In your reply, print every line of the listing exactly and omit all images.

Source data =
§

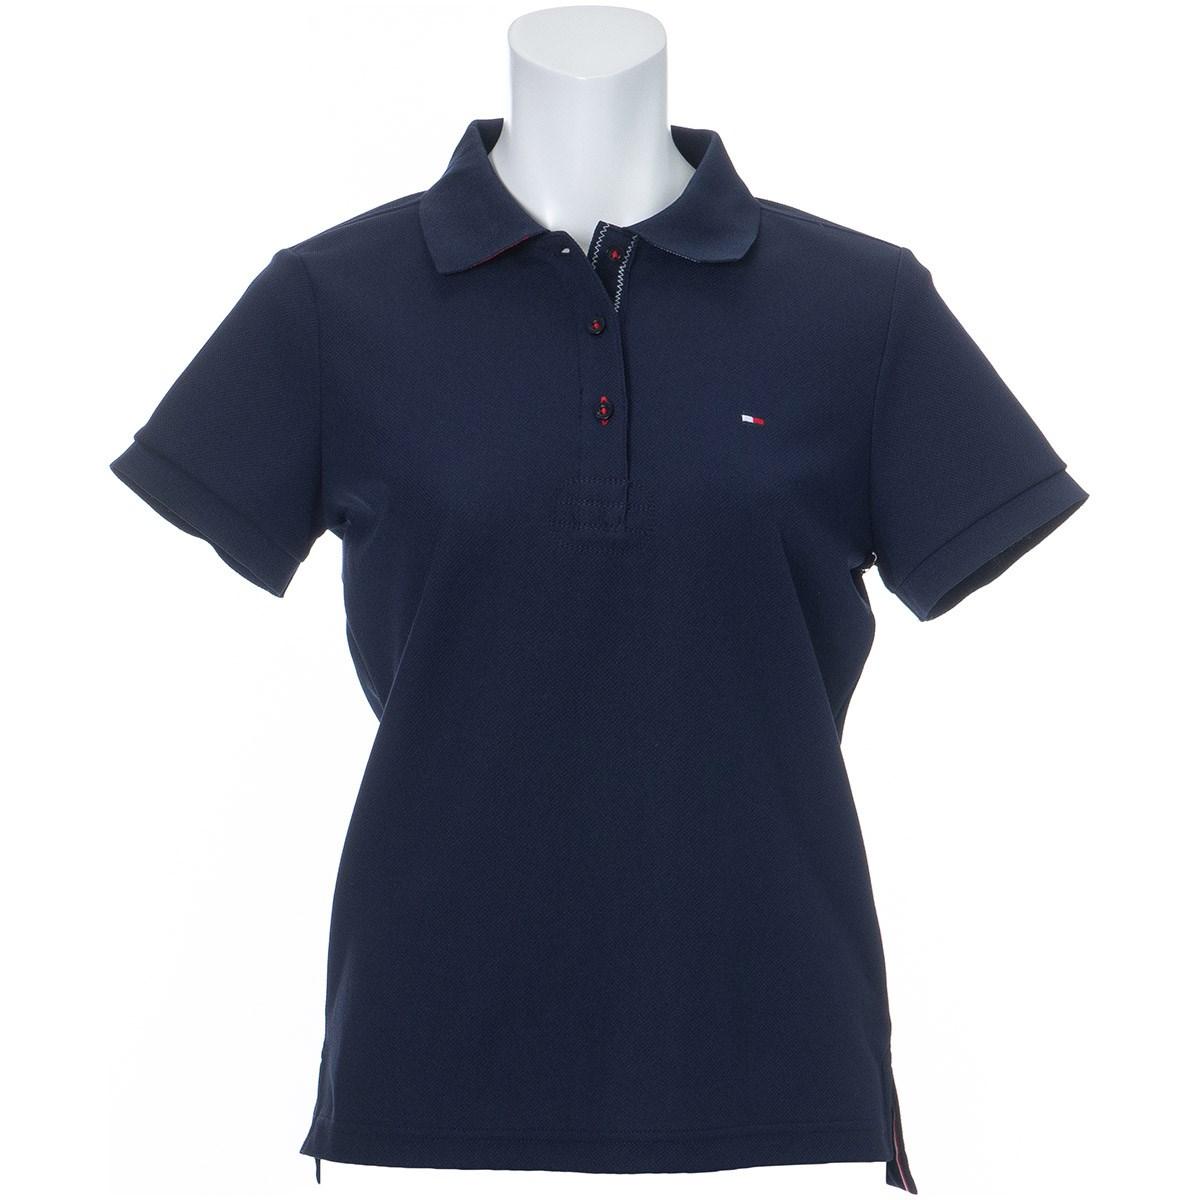 トミー ヒルフィガー ゴルフ TOMMY HILFIGER GOLF ベーシックフラッグ 半袖ポロシャツ M ネイビー レディス
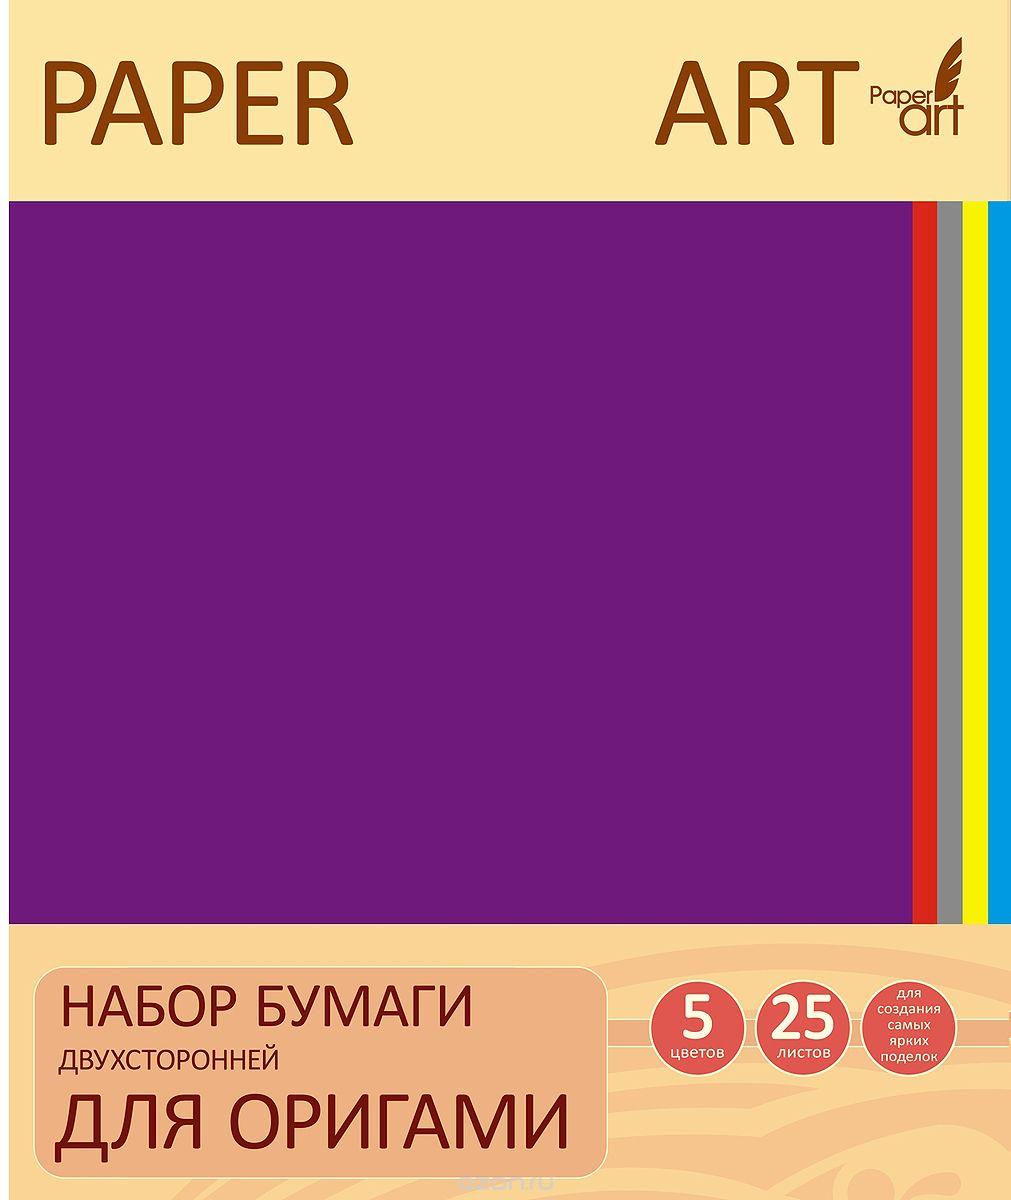 Бумага д/оригами 20*20 25л 5цв Классика цвета
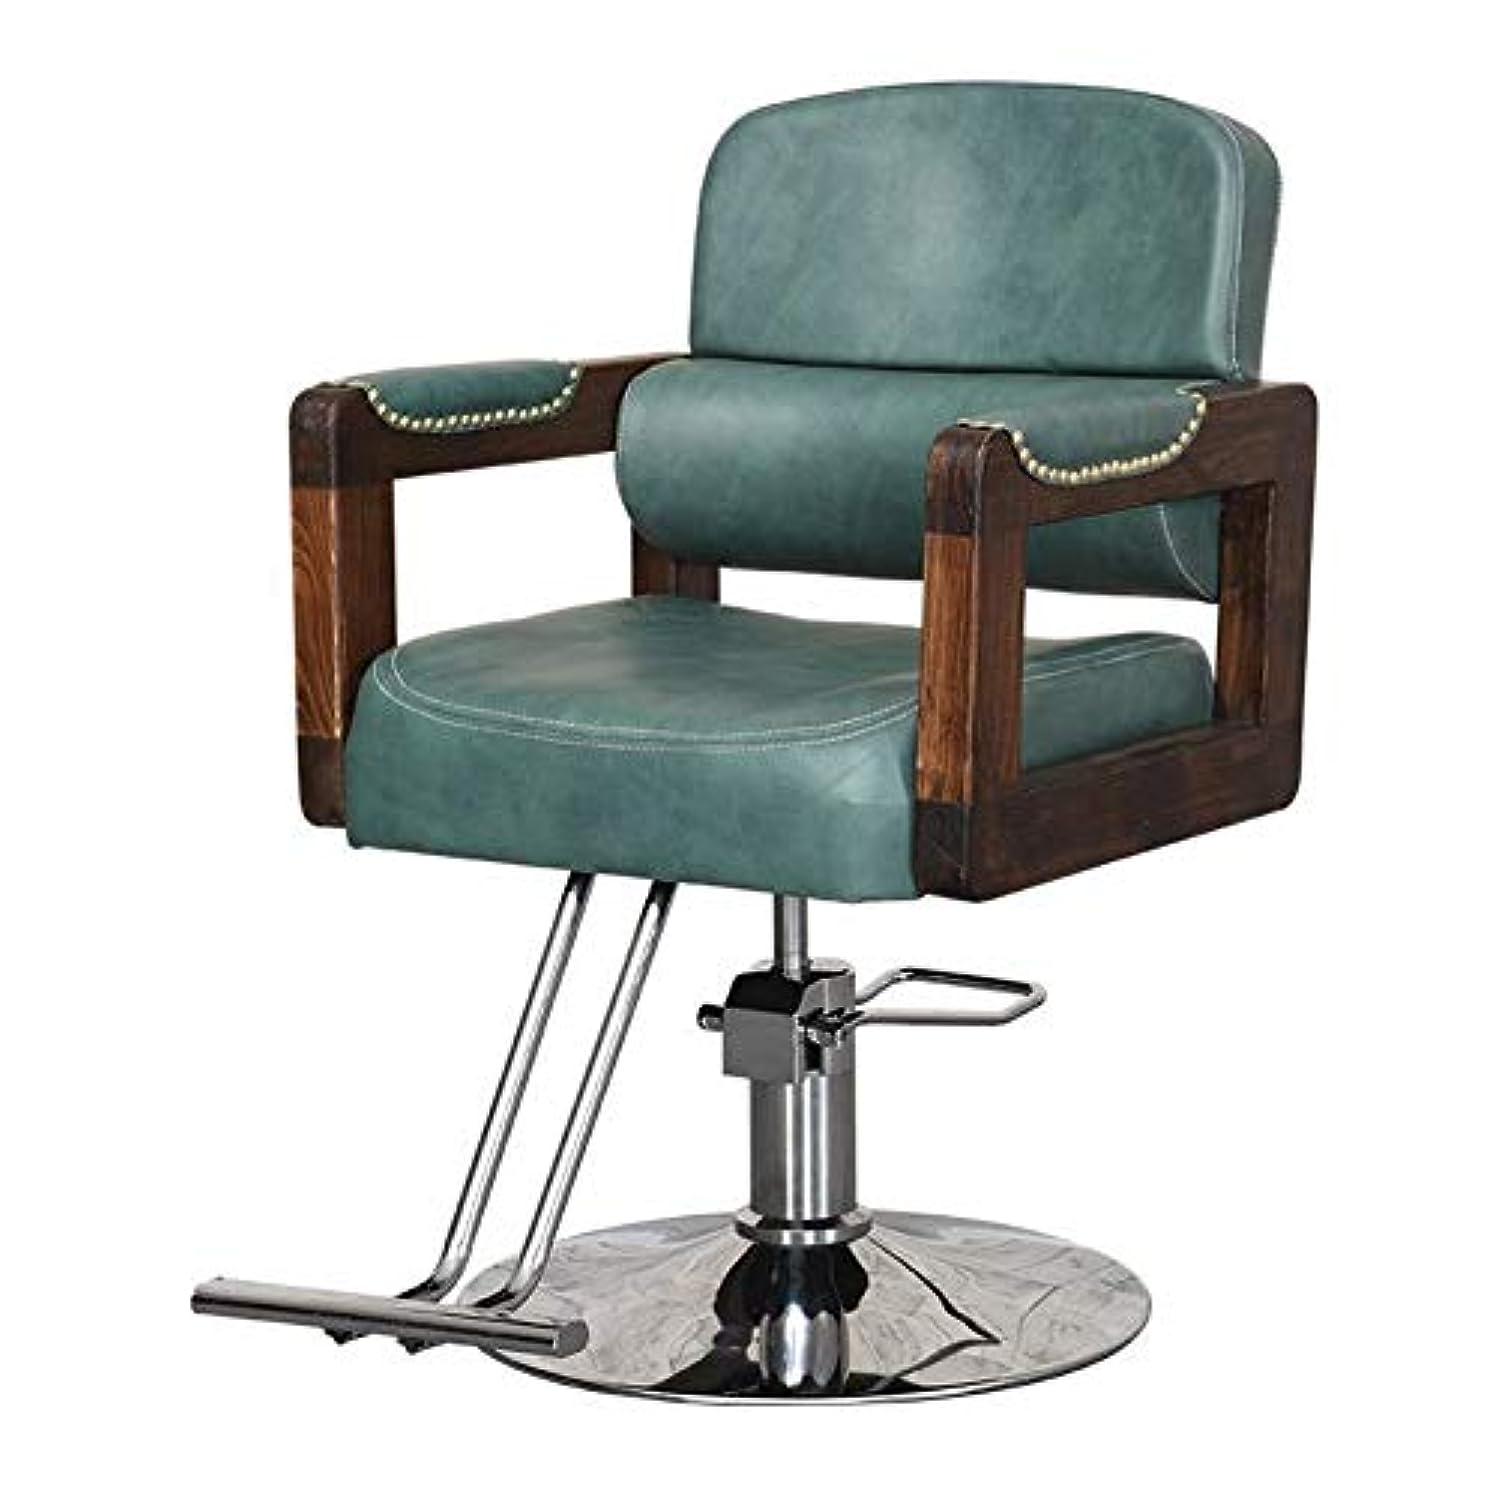 投げる複製する積分サロンの椅子は専門の油圧理髪店の椅子の大広間の美容院の鉱泉のモデリングチェアの円形の基盤を持ち上げるために回すことができます,Brown,B

§

Answer area =
 トミー ヒルフィガー ゴルフ TOMMY HILFIGER GOLF ベーシックフラッグ 半袖ポロシャツ M ネイビー レディス
 Бумага д/оригами 20*20 25л 5цв Классика цвета
 投げる複製する積分サロンの椅子は専門の油圧理髪店の椅子の大広間の美容院の鉱泉のモデリングチェアの円形の基盤を持ち上げるために回すことができます,Brown,B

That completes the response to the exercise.